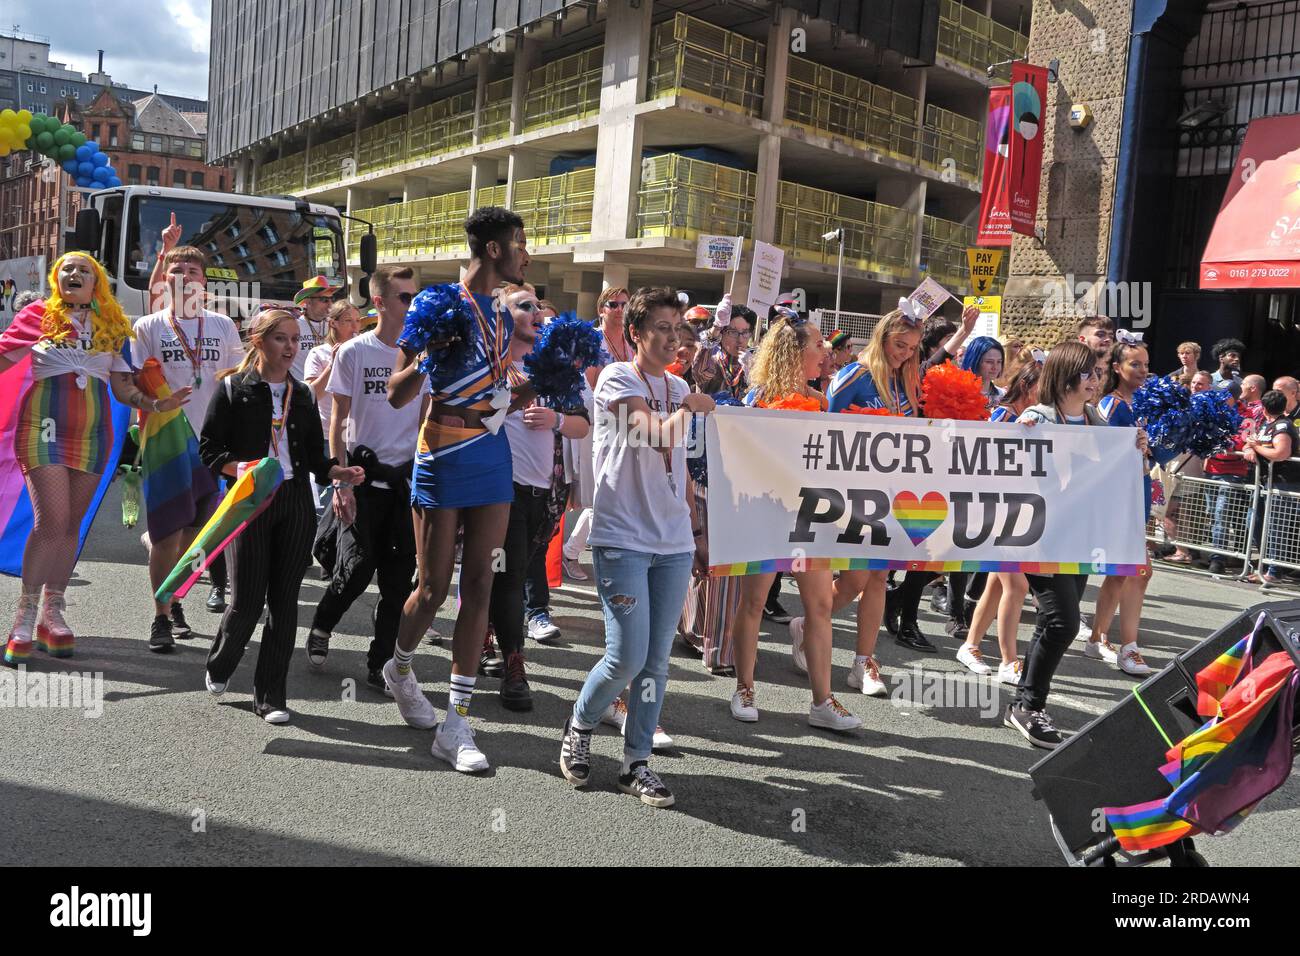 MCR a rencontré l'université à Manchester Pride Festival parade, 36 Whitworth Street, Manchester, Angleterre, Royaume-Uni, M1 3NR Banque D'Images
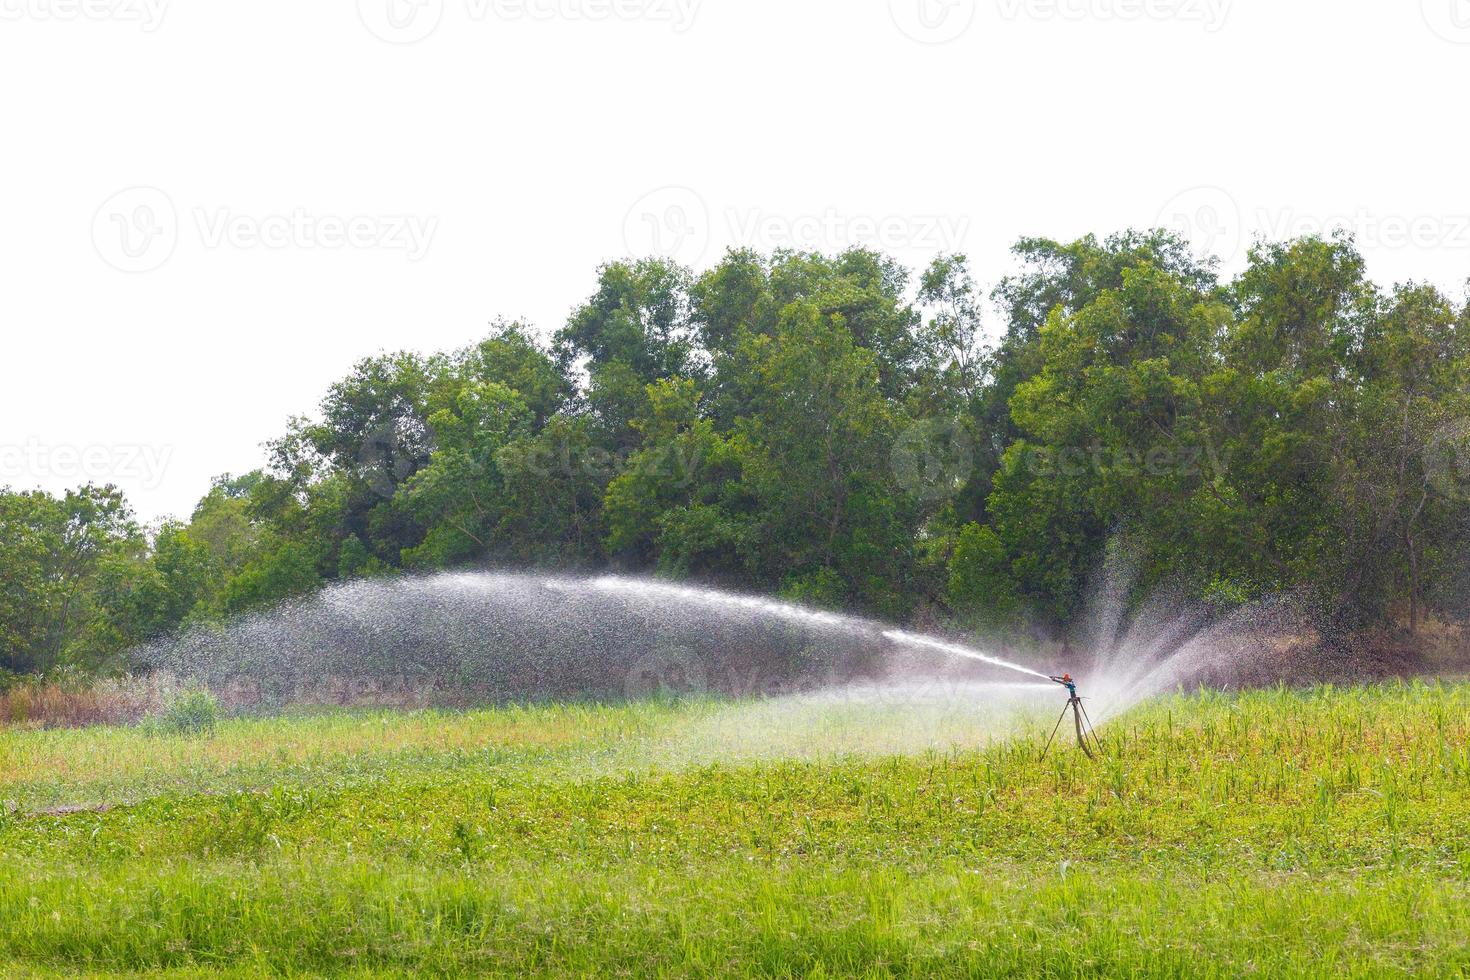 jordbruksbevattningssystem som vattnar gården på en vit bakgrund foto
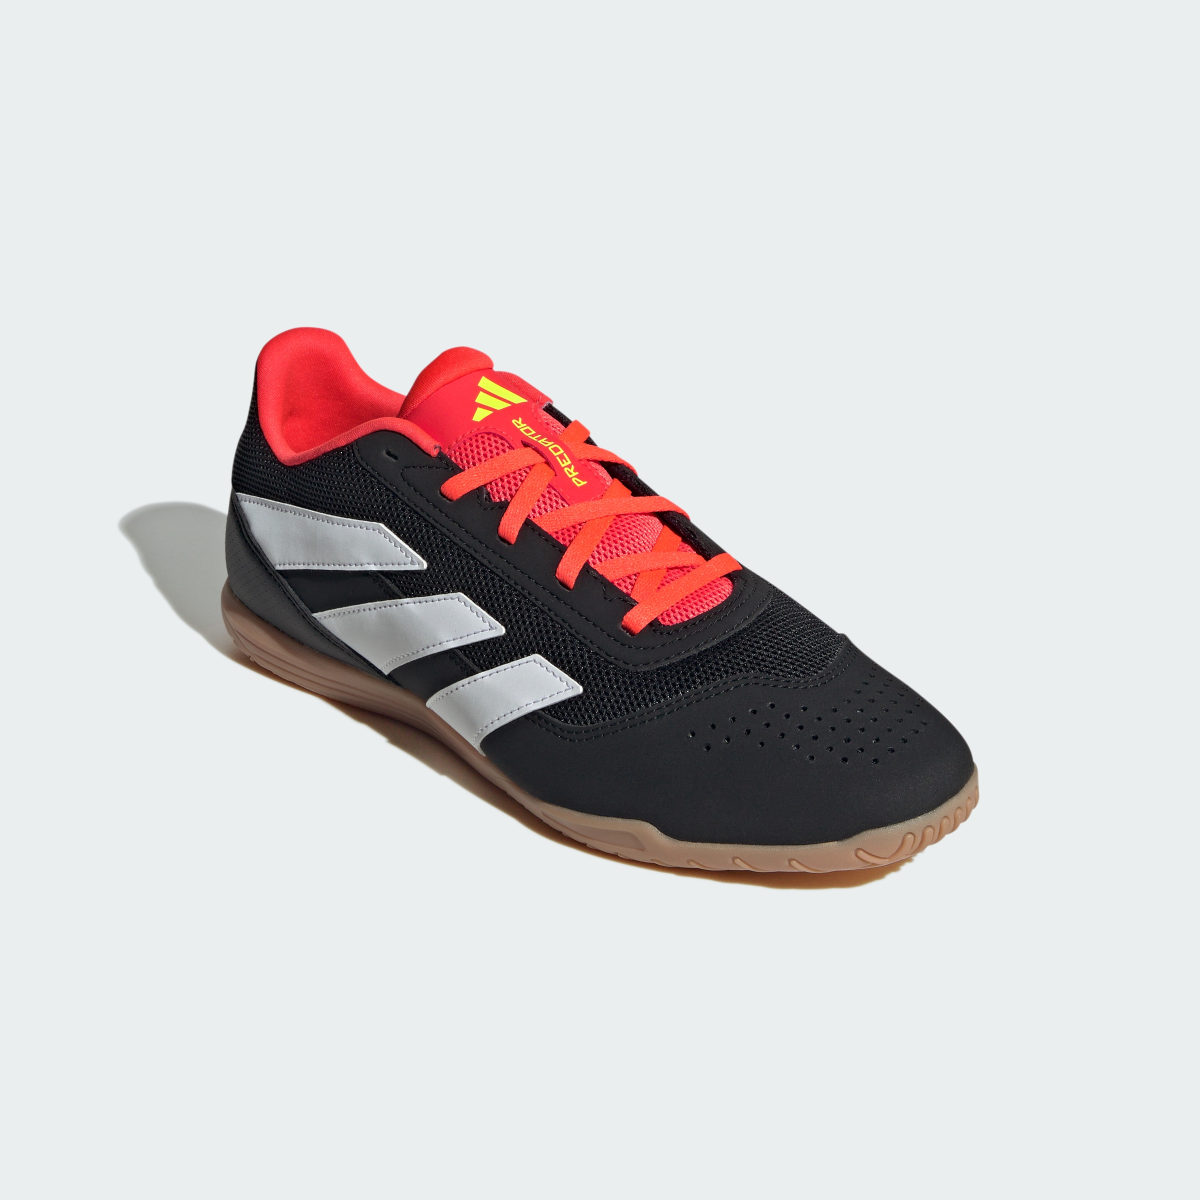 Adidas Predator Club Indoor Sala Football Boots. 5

Exercise details: An exact copy of all the data above is required; omit any pictures.

Exercise response:
 MCR a rencontré l'université à Manchester Pride Festival parade, 36 Whitworth Street, Manchester, Angleterre, Royaume-Uni, M1 3NR Banque D'Images
 jordbruksbevattningssystem som vattnar gården på en vit bakgrund foto
 Adidas Predator Club Indoor Sala Football Boots. 5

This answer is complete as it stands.